Promise of a Better Tomorrow: Dallas Program Provides Pathway for High School Graduates
February 26, 2020
Conversations about college and post secondary education swarm election debate floors, meetings with counselors and the dinner table for many families across the nation as tuition costs rise and students wonder if they are able to afford college or even attend at all.
Dallas County has implemented a program in 2017 called Dallas Promise to help battle this problem. Dallas Promise, as described on the Dallas Promise website, provides “last dollar scholarships” to students who graduate from a Promise high school, a partner high school, with a diploma.
In short, the program allows students to receive their associate degree from community college partners with the choice to relocate to a partner university after, all for free.
Karla Garcia, a Dallas Promise associate, worked with the Promise’s parent organization Commit Partnership, a Dallas-based nonprofit, before working with the Promise.
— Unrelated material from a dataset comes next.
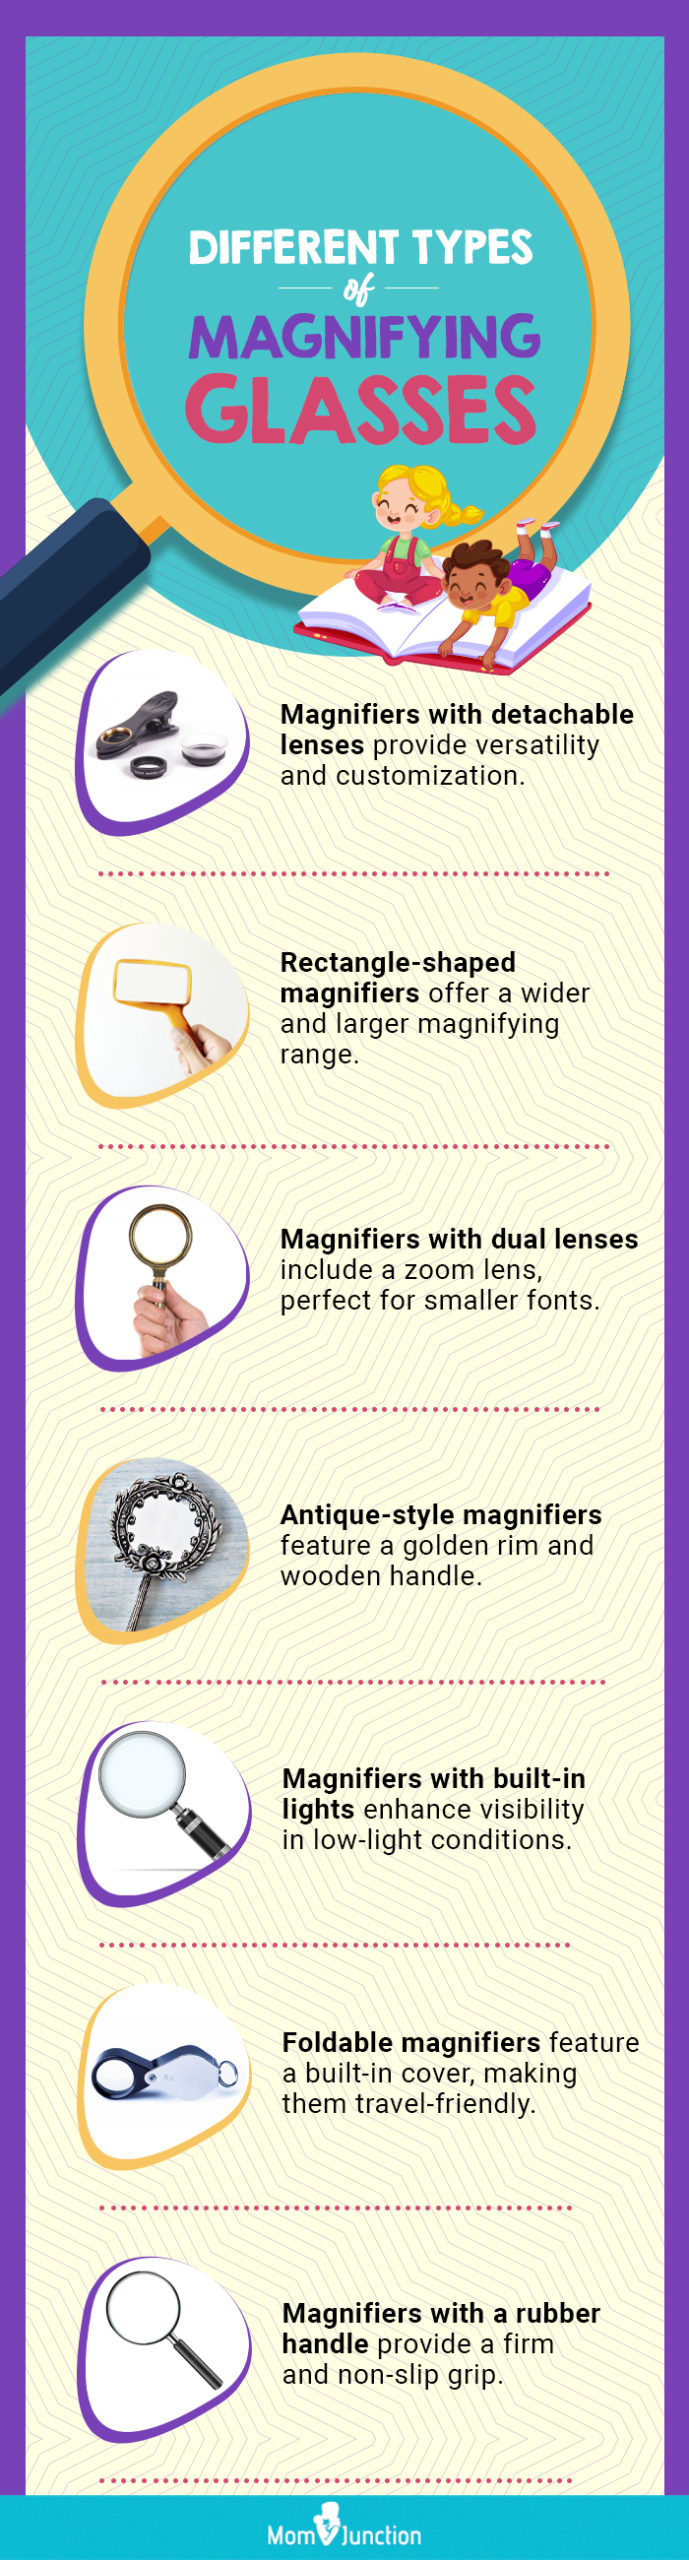 Different Types Of Magnifying Glasses (infographic)

“One of the things I love about the promise is that it democratizes college access,” Garcia said. “If a student wants to take advantage of every opportunity, it’s available. There is no more ‘I can’t go to college.’ The conversation is now, ‘where should I go for college?”
Garcia sees the importance that Promise holds to the 57 partnered high schools in the fourth largest metroplex in the country.
“For students like me, a first-generation low-income Latina college graduate, education becomes your pathway to a living-wage,” Garcia said. “The bet that we’re making on higher education is it’ll support more students so they can support themselves, and in today’s economy a higher education is that largest guarantee.”
Elizabeth Piland, a freshman at Richland College, enrolled in Dallas Promise and is planning on transitioning to UNT of Dallas.
“[Dallas Promise] allowed me to take care of my basic college credit and help me afford college,” Piland said. “I don’t know how I could have afforded it otherwise.”
The program, however, is still fairly new to the Garland Independent School District. Jorge Romero, a former student at North Garland High School, is now at Richland College and wishes that the program had been offered earlier.
“It would have been very beneficial for me. I have to pay $3000 for my classes,” Romero said. “I currently don’t take full-time classes, because I have to work full time. If I had the Dallas Promise, I wouldn’t work so much, and I could probably take full-time classes all year long.”
Former high school teacher Phillip Fabian, now a manager at Dallas County Promise, realized many of his students’ dreams of life after high school were often cut due to anxieties over costs.
“Here, at Dallas County Promise we really see this as a conversation starter,” Fabian said. “There are many students who have a college career plan before Dallas County Promise, and we want those students to continue on. But even kids who didn’t think there was a plan for them, Dallas County Promise opens that door. ”
The deadline to take the Dallas County Pledge for financial aid is March 6, and enrollment begins July 31.